A Vatican computer expert has been found guilty of helping the pope's personal butler leak classified documents. NBC's Claudio Lavanga reports.
ROME — A Vatican computer expert charged with helping the pope's former butler Paolo Gabriele to steal and leak papal documents to a journalist was given a suspended, two-month prison sentence Saturday.
Claudio Sciarpelletti was initially given a four-month sentence, but it was reduced immediately to two months because of his clean record and later suspended.
In reading the verdict, chief judge Giuseppe della Torre said Sciarpelletti was sentenced for "obstructing justice."
Gabriele was sentenced to 18 months in prison in October for stealing and leaking papal documents.
During his testimony Saturday, Sciarpelletti said he said he gave contradictory statements over the source of an envelope containing documents addressed to Paolo Gabriele because he was in a state of "shock" and "panic" following his arrest and the night spent in a Vatican prison cell.
He said he forgot who gave him the envelope as he had received it more than two years before it was found.

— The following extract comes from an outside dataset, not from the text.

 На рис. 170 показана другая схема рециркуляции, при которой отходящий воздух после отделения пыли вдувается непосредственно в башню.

Sciarpelletti admitted to have written "Paolo Gabriele" on the envelope, but insisted he didn't know who gave it to him.
'Did it for my children'
Carlo Maria Polvani, head of the Vatican’s information office and Sciarpelletti's boss, said he had never seen the envelope and had not given it to Sciarpelletti.
Polvani is the nephew of cleric Carlo Maria Vigano, who tried to expose a web of corruption and nepotism in the awarding of contracts for the maintenance of Vatican real estate – something revealed by the leaking of the documents. Vigano was later sent to become Washington ambassador, a move seen by some as a way to drive him away from the Vatican.

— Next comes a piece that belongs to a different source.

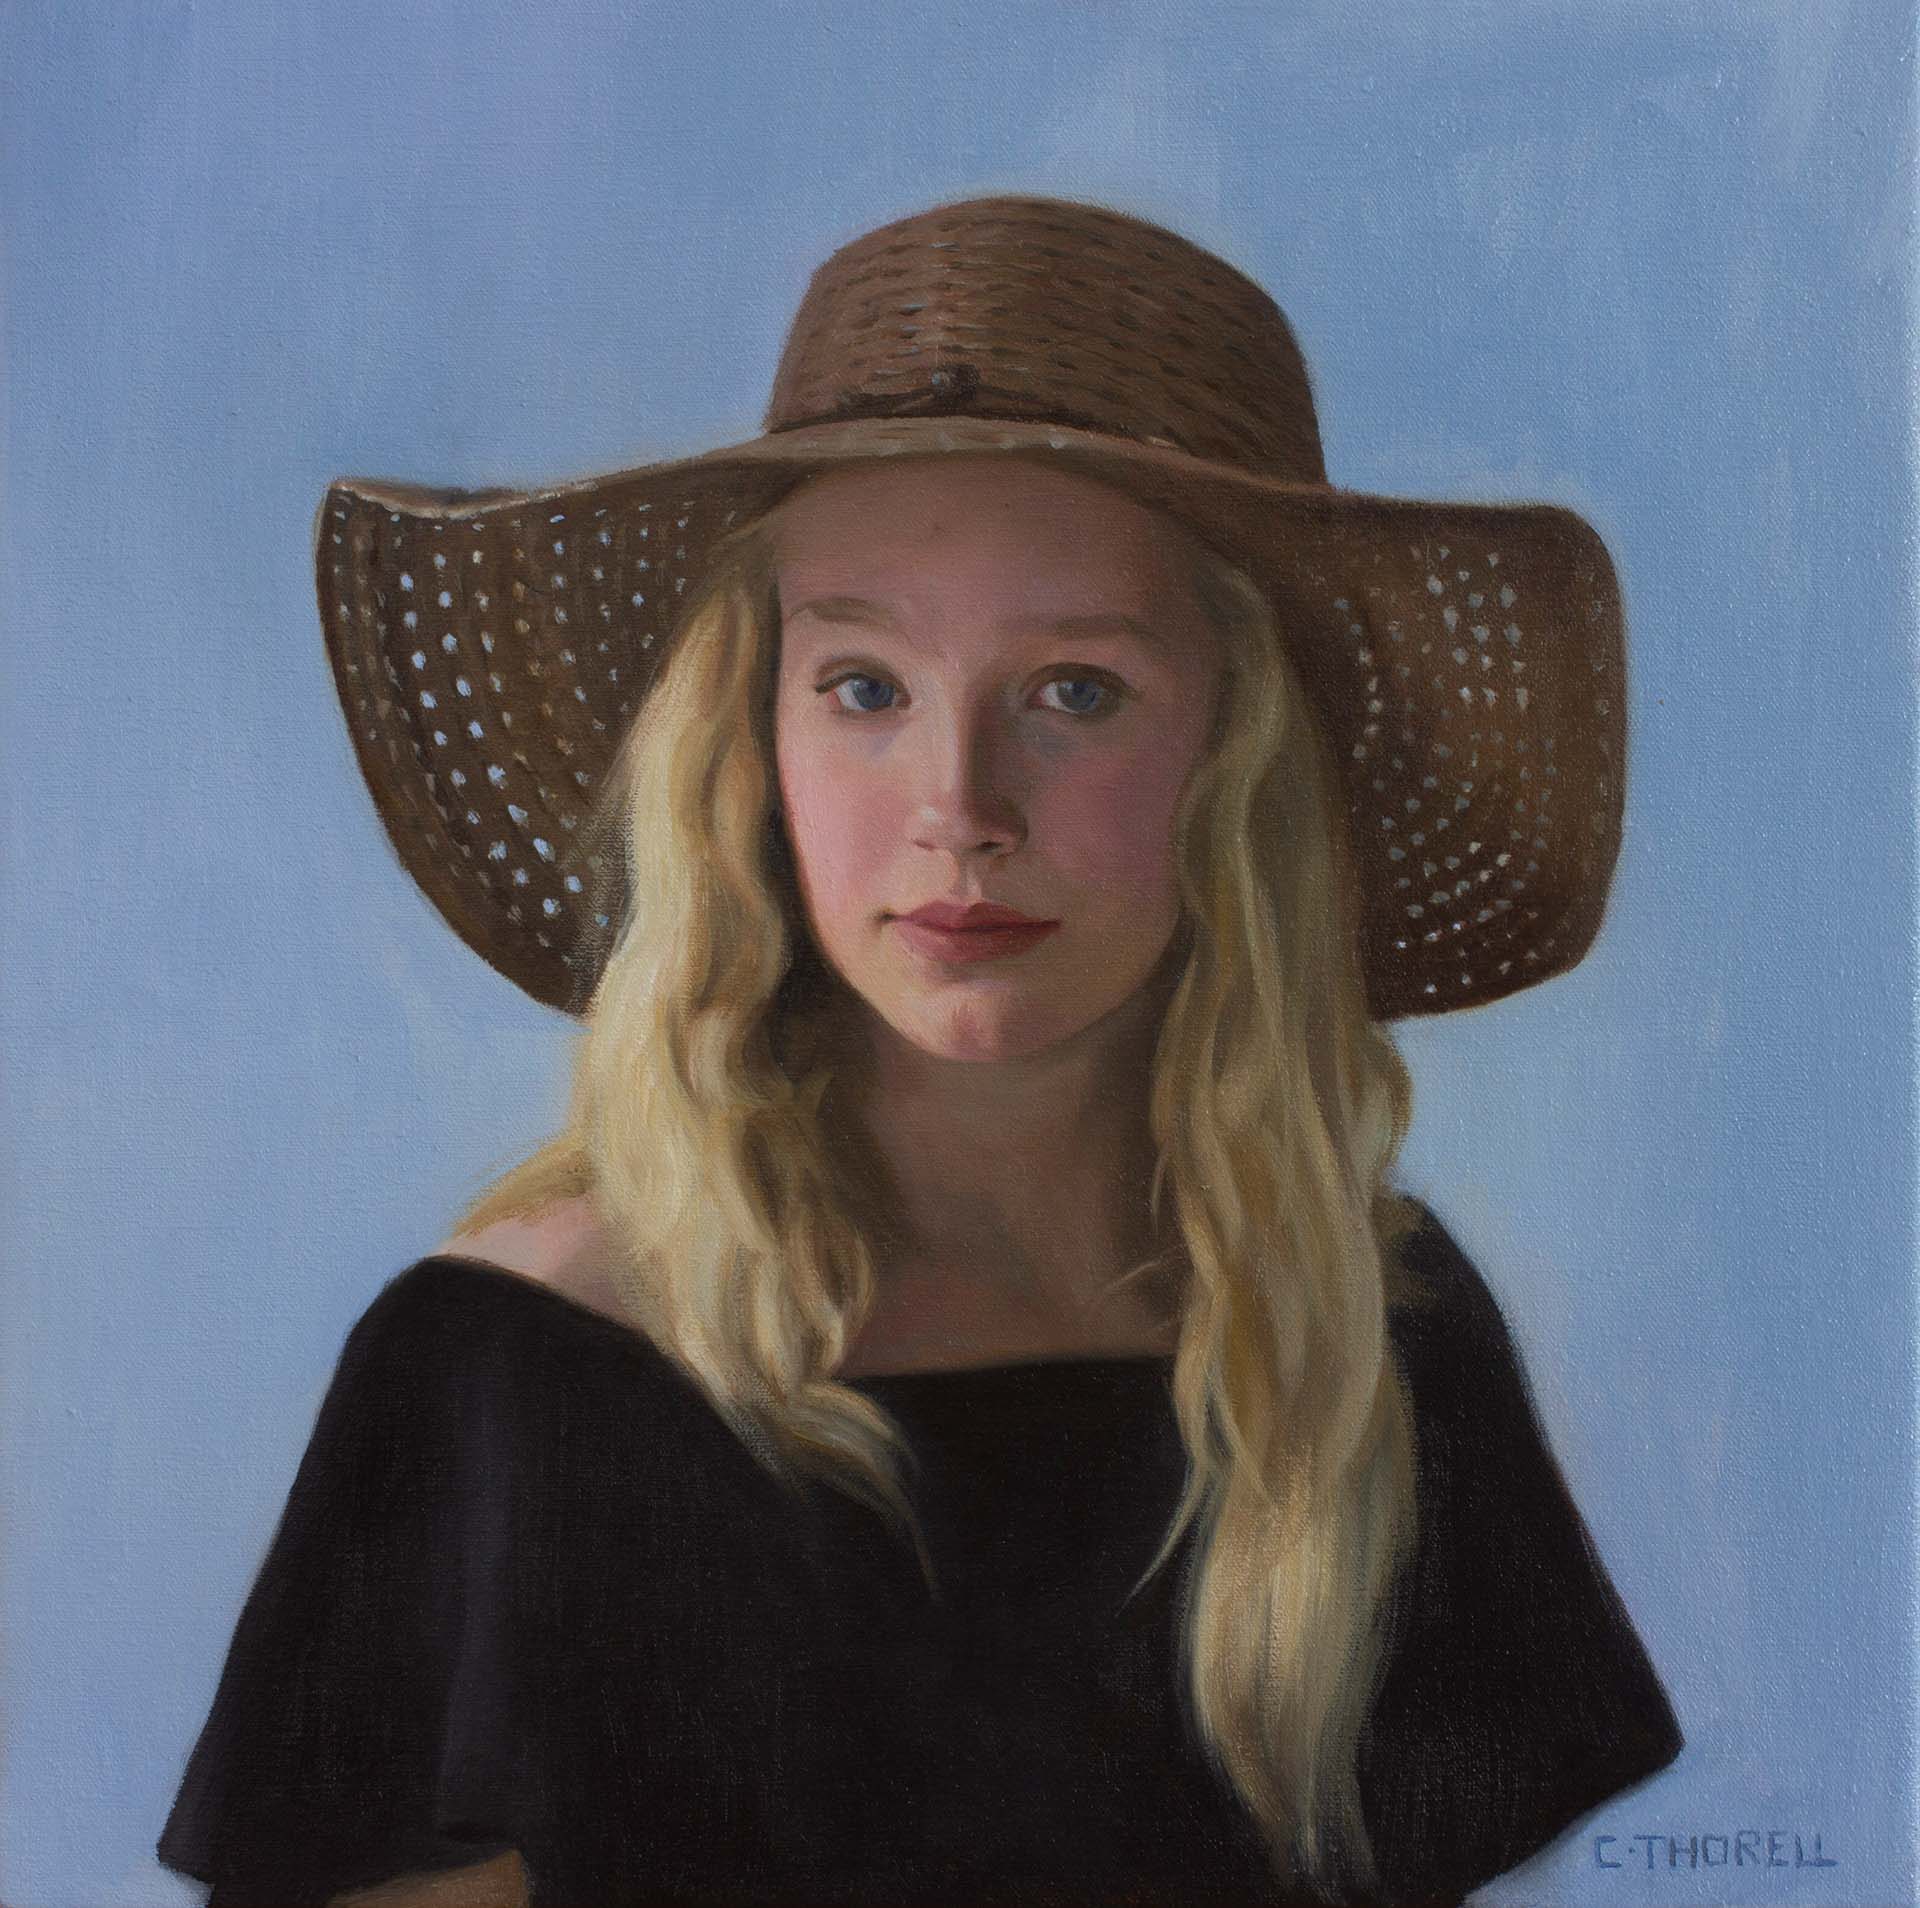 Cecilia Thorell DeVore, Molly, Oil on linen, 35 x 35 cm, 2019

Polvani told the judges that Sciarpelletti told him after he was arrested and released: "Please forgive me. I did it for my children and my family."
The pope's once-trusted butler, Paulo Gabriele, was sentenced to 18 months in prison for his part in leaking private Vatican documents. NBC's Duncan Golestani reports.
He said he believed Gabriele and Sciarpelletti were good friends, and that Gabriele would come see him in the office often. This contradicted Sciarpelletti's lawyer's declaration that he and the butler knew each other, but were not close.
Gabriele said Sciarpelletti was a friend and a confidant, and that he gave him the documents found in the envelope on his desk by Vatican authorities back in May.
He told the judges he used to give Sciarpelletti printouts of documents he would download from the Internet, but that he never handed out any reserved, official or confidential documents.